◆ Records to process ◆
──────

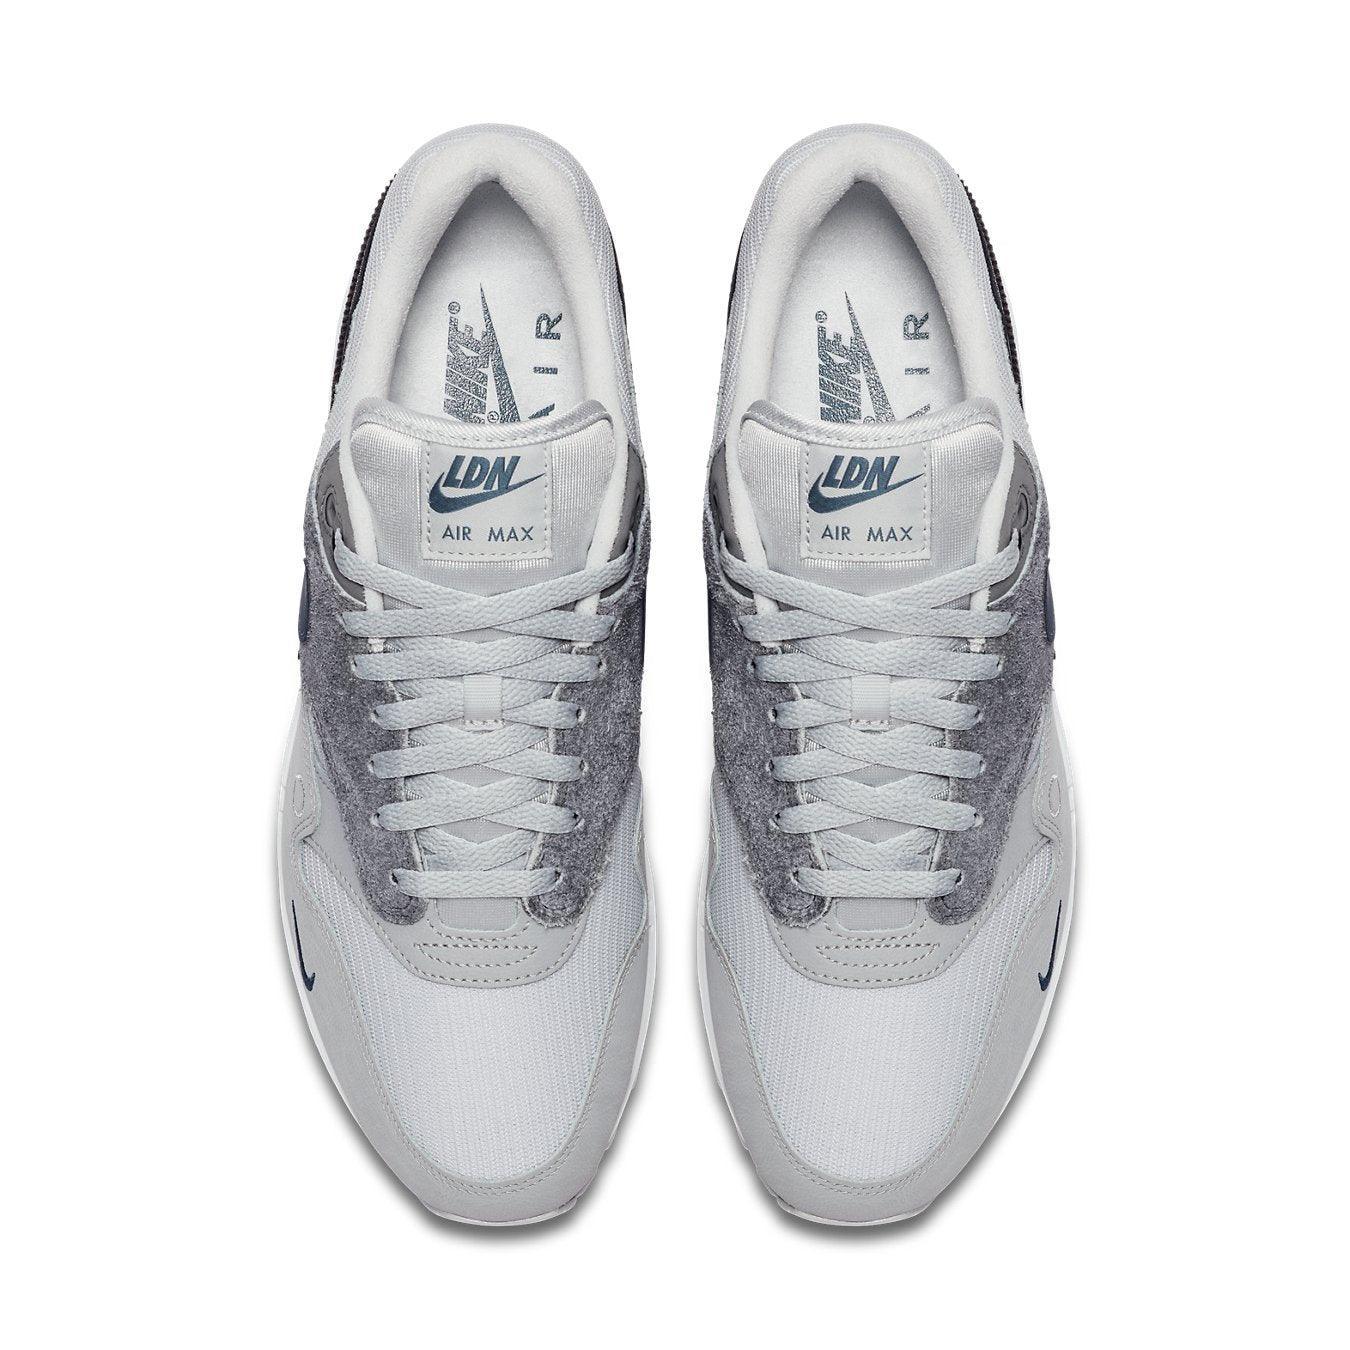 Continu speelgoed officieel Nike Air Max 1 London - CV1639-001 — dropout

──────

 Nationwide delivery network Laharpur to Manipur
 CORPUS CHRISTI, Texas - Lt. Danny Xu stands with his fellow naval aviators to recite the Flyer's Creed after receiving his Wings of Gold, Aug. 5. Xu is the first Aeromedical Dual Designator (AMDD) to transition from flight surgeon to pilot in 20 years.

──────

Among the records above, a stretch begins at the line containing "Nationwide delivery network" and ends at the line containing "CORPUS CHRISTI, Texas". Restate that stretch word for word, and nothing else.

 Nationwide delivery network Laharpur to Manipur
 CORPUS CHRISTI, Texas - Lt. Danny Xu stands with his fellow naval aviators to recite the Flyer's Creed after receiving his Wings of Gold, Aug. 5. Xu is the first Aeromedical Dual Designator (AMDD) to transition from flight surgeon to pilot in 20 years.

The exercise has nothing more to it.